Flowerpot Men

clayflowerpots.jpg

Gardening and writing are similar in a number of ways, and complement each other. Words bear a resemblance to seeds. Acclaimed authors are often heard to describe their craft as a mystery, as if some secret force within is guiding the pen. They might start with a basic plot and some notion of the characters required to inhabit it, but soon find their fictional people becoming larger than life, as real or even more real than their family and friends. These actors on the page begin to write their own story, one which the apparent author becomes obliged to merely record rather than direct.

My mother-in-law, a retired professor of English literature, once gave me good advice on the subject. If you want to write, she said, then sit down with a pen and paper; nothing will happen unless you do. Even if you have little or no idea what it is that you are trying to inscribe, just sit down – and watch the words appear.

The analogy hardly requires spelling out. Suffice it to say that you won’t end up with a wood if you don’t plant the trees. Definitely do not worry about whether you will be there to observe your creation when it matures. Just enjoy the process for as long as you can.

When given the opportunity to talk about the garden at Airdlin Croft I often highlight the happy association of rhododendrons and hostas. Not all rhodies are naturally woodland plants though the large-leaved species generally do best within the shelter of trees. Hostas are also mostly shade-tolerant plants. Growing the two genera in close proximity allows a spacing of the woody plants that takes into account their potential height and spread while providing ground cover with their herbaceous companions. Left alone, the ericaceous component will ultimately smother the physically-challenged neighbours. I refer to this inevitable dynamic as a strategy for old age.

At some time in the future – hopefully a long way off – the ability to garden at the current output of physical energy will decline; there is no getting around it. Right now, the maintenance of a collection of hostas, in the greenhouse and the garden, requires a good deal of work; whereas once established, rhododendrons tend to take care of themselves. They just get bigger and better. So when physical infirmity gets the upper hand I plan to slacken off a bit; but hopefully will still manage to muster the mental acuity for writing. That’s the plan. I have elsewhere suggested that optimism is a necessary component of the gardener’s DNA.

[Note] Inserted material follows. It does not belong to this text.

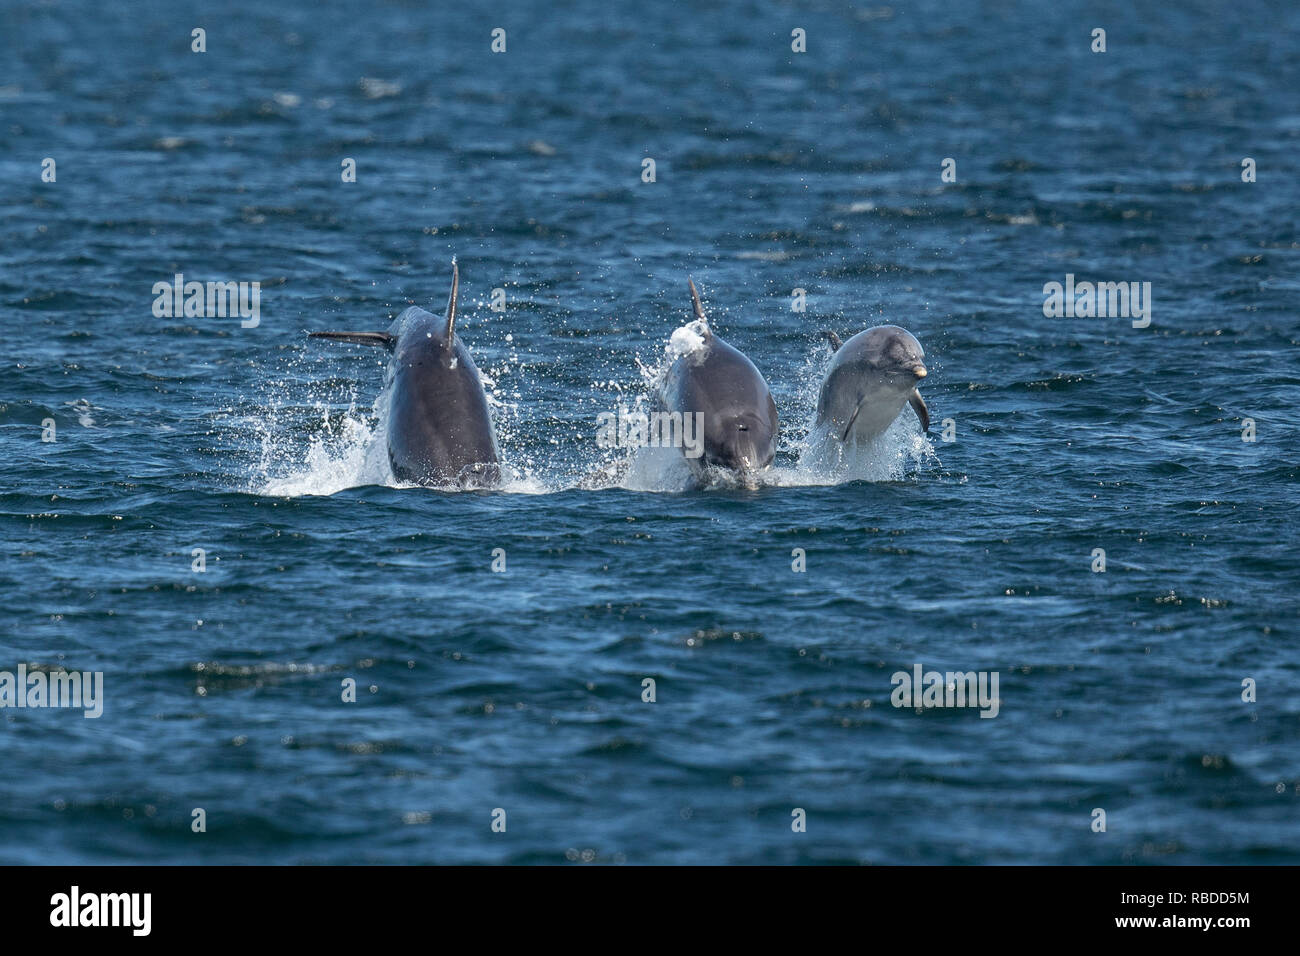 INVERNESS, Escocia: tres delfines mulares carrera a través de las aguas en el punto Chanonry cerca de Inverness, Escocia. Tres divertidos delfines pone en un impresionante despliegue de curiosos en como han infringido y voltear a través de las aguas del punto Chanonry cerca de Inverness. Los delfines mulares incluida la miel, un joven de 11 años de edad y madre de dos jóvenes también pueden ser vistos nadando en perfecta sintonía, apareciendo a la raza mutuamente a través del agua en las Tierras Altas de Escocia. WDC / Charlie Phillips / mediadrumworld.com Foto de stock

However, there is no need to discover decrepitude before picking up the pen (and I still do use a pen for the first draft, preferring to minimise the proportion of waking hours facing a screen). One of the consequences of gardening in these latitudes is a necessary submission to the seasons. In mid-winter here we enjoy barely six hours of daylight, and even during those the weather can render outdoor activities less than pleasant, freeing up much time for scribbling.

Furthermore, as any gardener knows, much of the inevitable work outside is repetitive and fairly mindless – a fact that probably prevents the non-gardener from getting involved but to the green-fingered pragmatist becomes another string to the bow: an opportunity to think about something else, to daydream, to put together thoughts and ideas that a more demanding schedule might prevent - the skeleton, perhaps, of a poem, a novel, or autobiography that can be allowed to materialise once one is forced indoors. Of course, not all introspection is necessarily advantageous to pursue; but at least some of the ingredients may turn out to be worth combining in hard copy.

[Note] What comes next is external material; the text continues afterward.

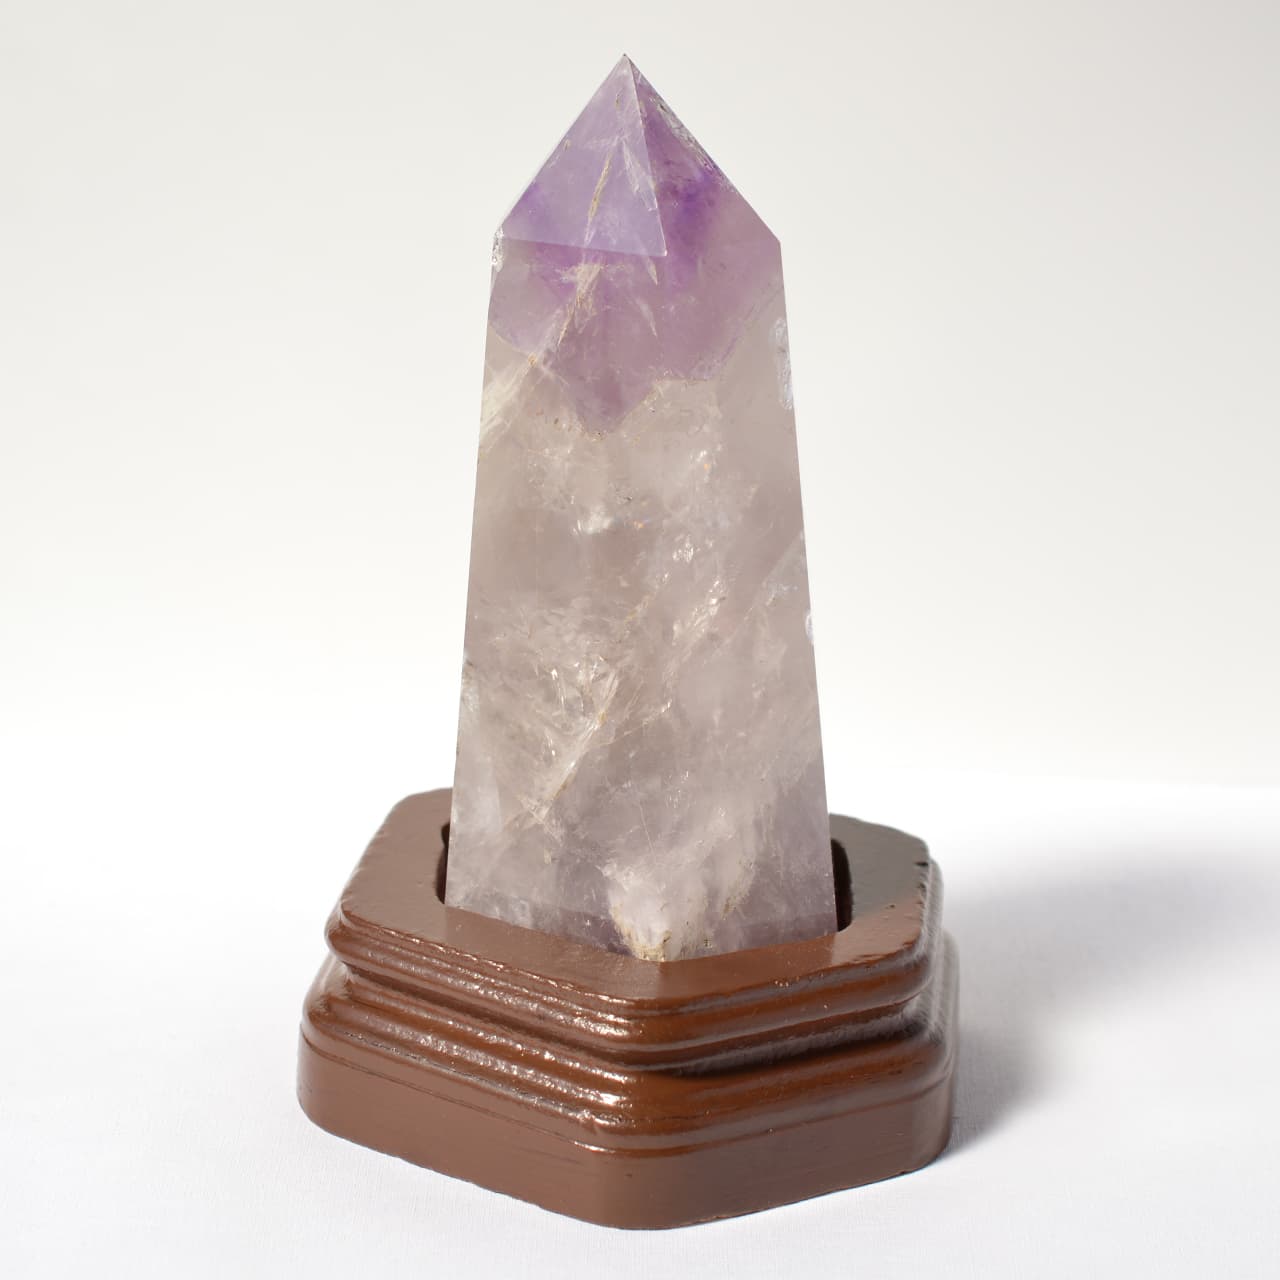 画像1: アメジスト(紫水晶)ポイント六角柱 - 約16cm【台座付】 (1)

Hostas and rhododendrons; gardening and writing; bread and butter – having unwittingly arrived at that last metaphor, and in so doing proved a point made above, I should admit that this strategy for old age contains a compromise willingly undertaken when a long time ago I chose the life of a gardener. This was unlikely to be  a sure-fire route to a fat pension – and so it has worked out, with no world cruises or flashy cars on the agenda, and perhaps a rather flimsy safety-net should old age cut up rough. But no regrets either, yet.